Streaming Responses from LLM Using LangChain + FastAPI

Hope everyone has read my previous article about deploying Local or Fine-tuned LLMs in FastAPI and achieve streaming response in the same. However, I have received few requests on how to extend the same concept to closed source models of OpeanAI, Google etc. Hence this article will be an extension of the previous article. Please read that, at least the first part to know more about the basics of streaming in FastAPI.

In the previous article we have learnt about the following:

Introduction — What is the problem statement that we are solving by using Streaming ?, What are auto regressive models ?, What is streaming ?
Basics of FastAPI Streaming — Architecture and Implementation of a simple streaming application using fake data streamer
We also understood the Producer-Consumer model of sending the tokens into the queue, which is then consumed and streamed using FastAPI
We also extended the above discussed FastAPI Streaming concept to Locally deployed LLMs, just using Hugging Face generate, streamer functions
We have also listed the next steps, and how can the current concept be improved.

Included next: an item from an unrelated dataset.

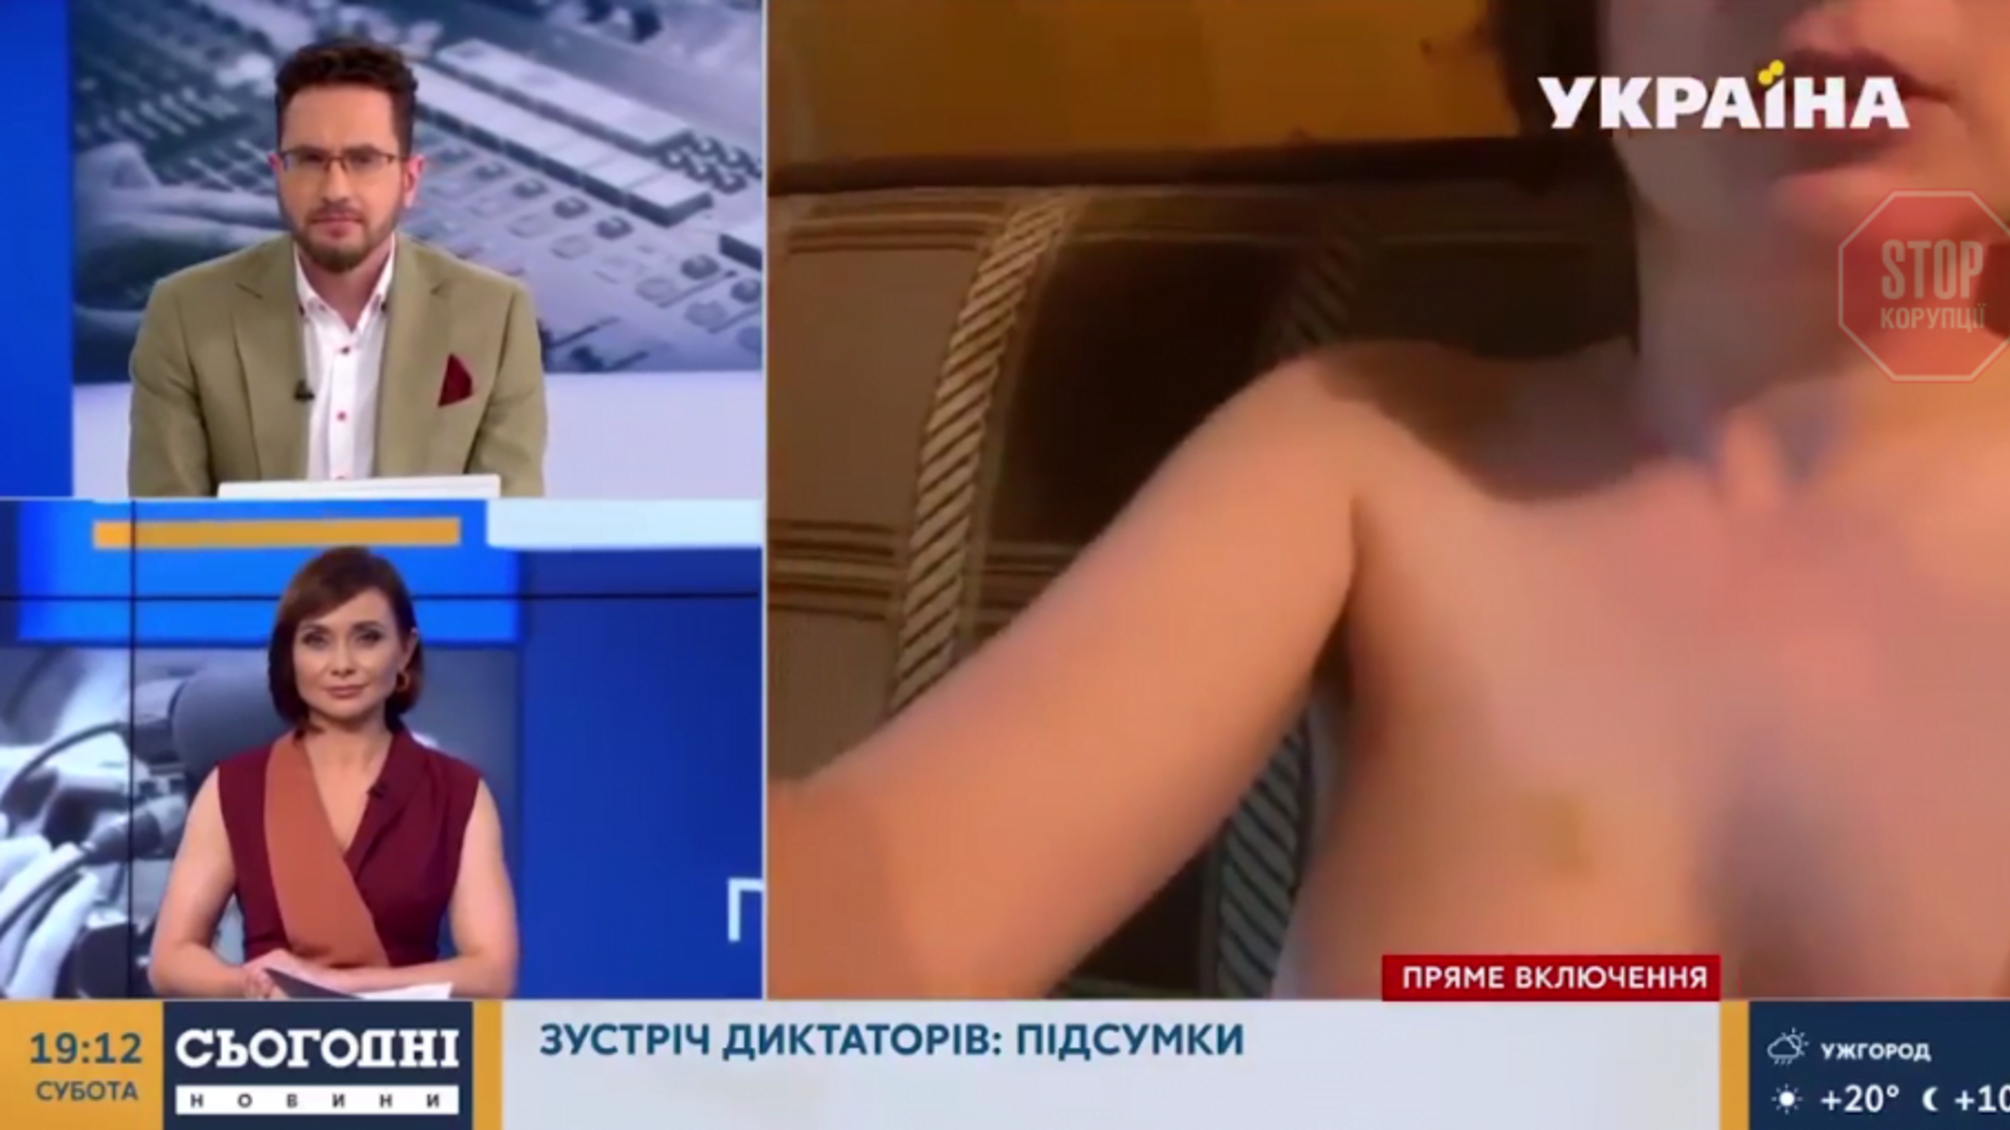 При включении в прямом эфире украинского телеканала случайно в кадр попала обнаженная женщина

In this article we are going to focus on the similar steps using Langchain

Architecture to be used for Langchain

As in the previous article, we would still be using a queue, and a serving function. However we need to modify the generate function that would be populating the queue token by token.

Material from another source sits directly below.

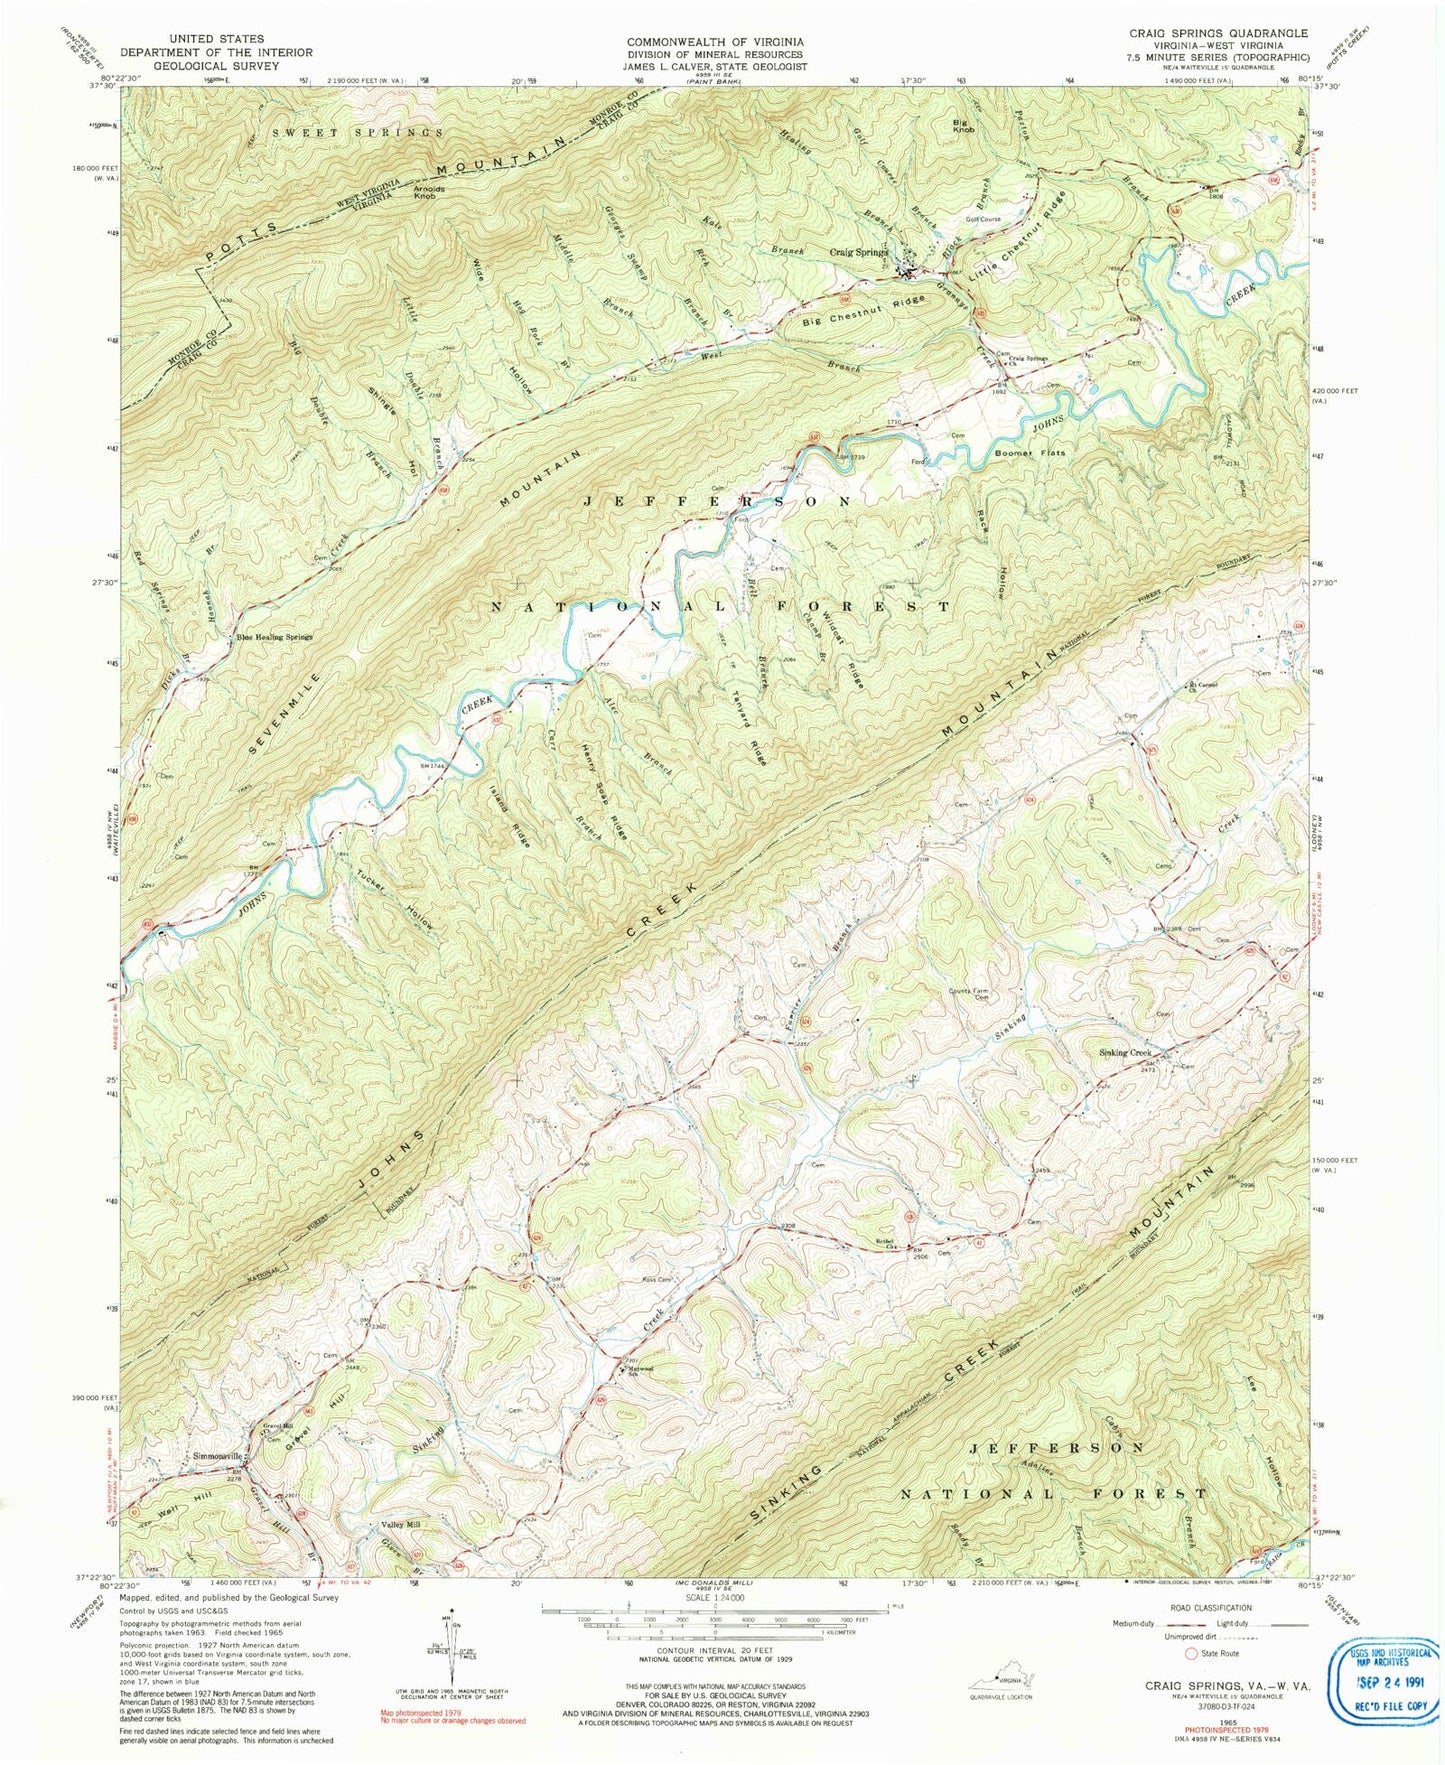 Classic USGS Craig Springs Virginia 7.5'x7.5' Topo Map Image

Architecture of Langchain based token generator:

Handlers in Langchain

Langchain has various sets of handlers. The main handler is the BaseCallbackHandler. These handlers are similar to an abstract classes which must be inherited by our Custom Handler and some functions needs to be modified as per the requirement.

The functions that are of interest to us in the present case are the following:

on_llm_new_token — This function decides on what to do in the case of a new token arrival. As per the existing concept, we should keep the new token in the streamer queue
on_llm_end — This function decides on what to do in the case of the last token. As per the existing concept we add a stop signal in the queue to stop the streaming process.

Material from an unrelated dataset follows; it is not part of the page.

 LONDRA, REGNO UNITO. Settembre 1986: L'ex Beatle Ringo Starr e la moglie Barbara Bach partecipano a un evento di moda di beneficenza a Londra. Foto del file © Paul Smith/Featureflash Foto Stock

Let us see how the handler looks like. Each line is commented so that you could understand what is happening in the same

%handler.py  
# save the below code in a file by name handler.py  
# Importing the necessary packages  
from langchain.callbacks.base import BaseCallbackHandler  
from langchain.schema.messages import BaseMessage  
from langchain.schema import LLMResult  
from typing import Dict, List, Any  
  
# Creating the custom callback handler class  
class MyCustomHandler(BaseCallbackHandler):  
    def __init__(self, queue) -> None:  
        super().__init__()  
        # we will be providing the streamer queue as an input  
        self._queue = queue  
        # defining the stop signal that needs to be added to the queue in  
        # case of the last token  
        self._stop_signal = None  
        print("Custom handler Initialized")  
      
    # On the arrival of the new token, we are adding the new token in the   
    # queue  
    def on_llm_new_token(self, token: str, **kwargs) -> None:  
        self._queue.put(token)  
  
    # on the start or initialization, we just print or log a starting message  
    def on_llm_start( self, serialized: Dict[str, Any], prompts: List[str], **kwargs: Any ) -> None:  
        """Run when LLM starts running."""  
        print("generation started")  
  
    # On receiving the last token, we add the stop signal, which determines  
    # the end of the generation  
    def on_llm_end(self, response: LLMResult, **kwargs: Any) -> None:  
        """Run when LLM ends running."""  
        print("\n\ngeneration concluded")  
        self._queue.put(self._stop_signal)

Integrating the handler in main

We have seen how to write the custom handler. Now let us see, what should be in the main file which contains the fastapi code

We need to first create an object of the custom handler and add it to the api. During the time of writing this article, I was using langchain-0.1.0.

During the time of writing this article, Langchain has a separate package for Open AI usage. The library that I am using is langchain-openai==0.0.2.post1.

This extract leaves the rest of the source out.